Other non-therapeutic strategies that can harness innovation to fight malaria include cross-border collaboration and joint planning by countries to reach malaria-endemic communities spread across their borders with malaria prevention and control programs e.g. through SMC, distribution of bed nets and indoor residual spraying.

New malaria prevention and control tools

Research and development for new tools to fight malaria have resulted in products in the development pipeline. This progress is especially important now that there is growing malaria parasite resistance to antimalarial drugs including the artemisinin molecule, arguably our current and last hope for malaria treatment is being reported across Africa.

New tools for malaria chemoprevention

The RTS,S malaria vaccine has been approved as safe for use in malaria prevention in young children. The vaccine has demonstrated significant effect in reducing malaria infection in children, especially when used in combination with other interventions e.g. seasonal malaria chemoprevention.

Innovations in the pipeline

There are proposals to reintroduce endectocides such as ivermectin as a novel approach to prevent malaria/plasmodium transmission. Ivermectin kills mosquitoes when they feed on the blood of people who have taken this medication. Giving this drug to whole communities could kill many mosquitoes, and could reduce malaria transmission at the population level.

The other innovation is the gene-drive technology, which spreads a ‘self-destructive’ gene within mosquito populations that make it hard for mosquitoes to transmit malaria. The sterilised mosquito technology targets male mosquitoes which are bred and sterilised using radiation found in x-rays. When the male mosquitoes are released to the wild to mate with female mosquitoes, the result is eggs which will not hatch thus wiping out a whole generation of mosquitoes.

BioNTech, the creator of the first COVID-19 vaccine has announced plans to develop an mRNA vaccine for malaria. Based on what we have seen with COVID-19, mRNA vaccines can be highly effective, relatively inexpensive to manufacture, safe to administer, and will form an effective arsenal in the war against malaria.

In addition, ongoing research into monoclonal antibodies for malaria prevention is at an advanced stage of clinical trials, further raising our hopes for a potentially low-cost, single-dose antibody treatment that could protect children from malaria.

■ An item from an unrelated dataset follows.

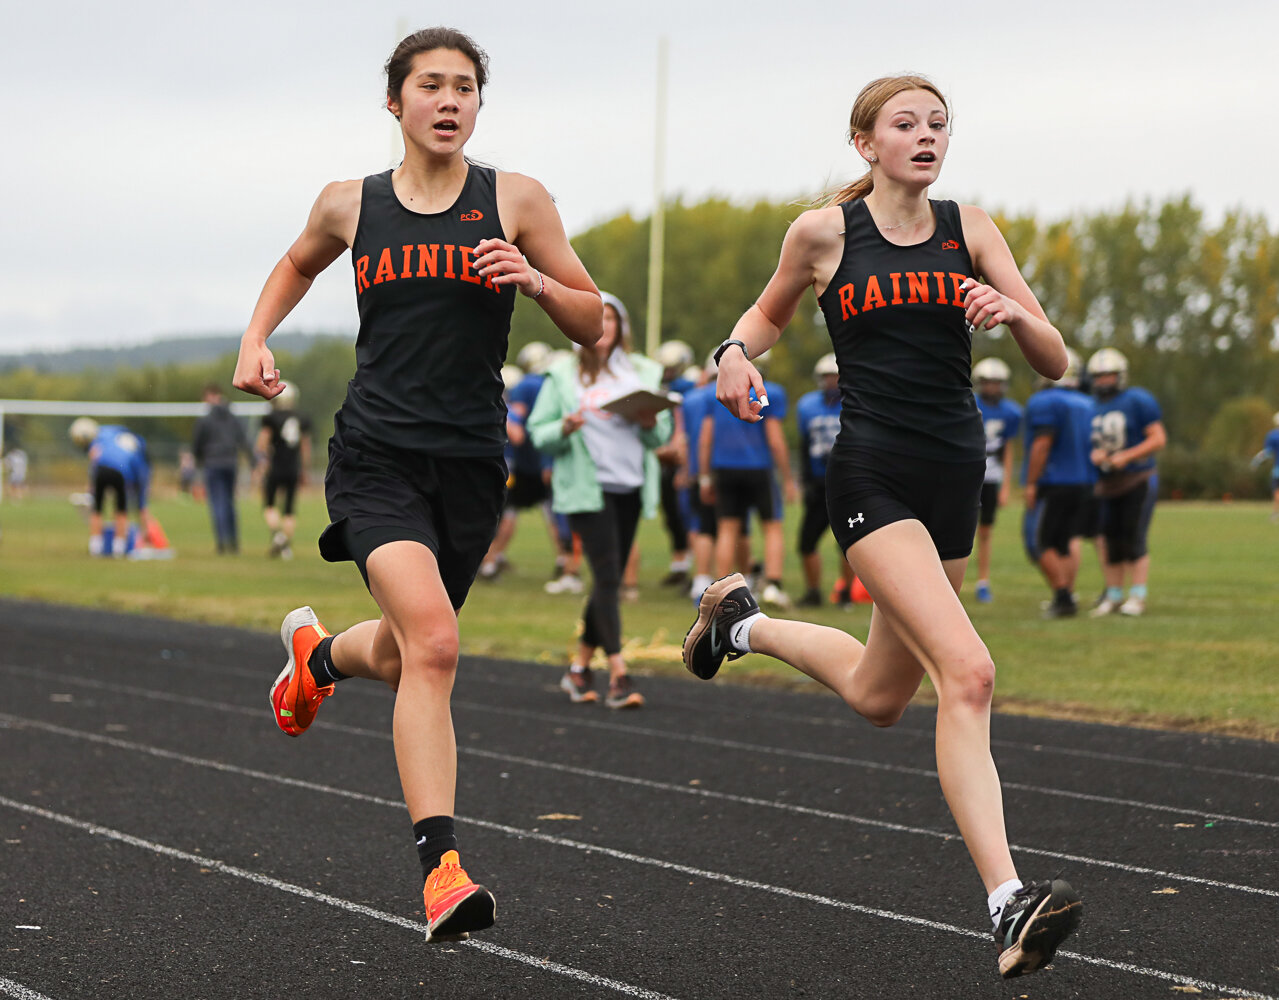 Angelica Askey (left) and Rayanna Wisner (right) come into the chute neck-and-neck in the girls race at a 2B cross country meet in Adna on Sept. 28. Wisner beat Askey by two-tenths of a second, but the two ended up finishing second and third, behind teammate Madison Ingram, who ran with the boys and finished a minute and-a-half faster in the boys' race.

The built infrastructure is key in fighting malaria. Just this week we heard about an innovative housing project in Tanzania (Star Home) that builds houses raised off the ground to prevent the entry of mosquitoes. This form of construction is based on the theory that mosquitoes fly closer to the ground. By raising houses and improving aeration (and reducing the accumulation of carbon dioxide), 84% fewer mosquitoes enter this building compared to a hut on the ground. Fewer mosquitoes indoors mean fewer mosquito bites and a reduction in malaria transmission (by up to 95%).

Conclusion

The fight against malaria is far from over but great strides have been made. Taking advantage of new innovations, optimising the use of current ones and adapting interventions to local contexts will optimize performance of the tools and give impetus to the march towards eradication. It is an opportune moment for concerted efforts to sustain the momentum and safeguard gains so far made.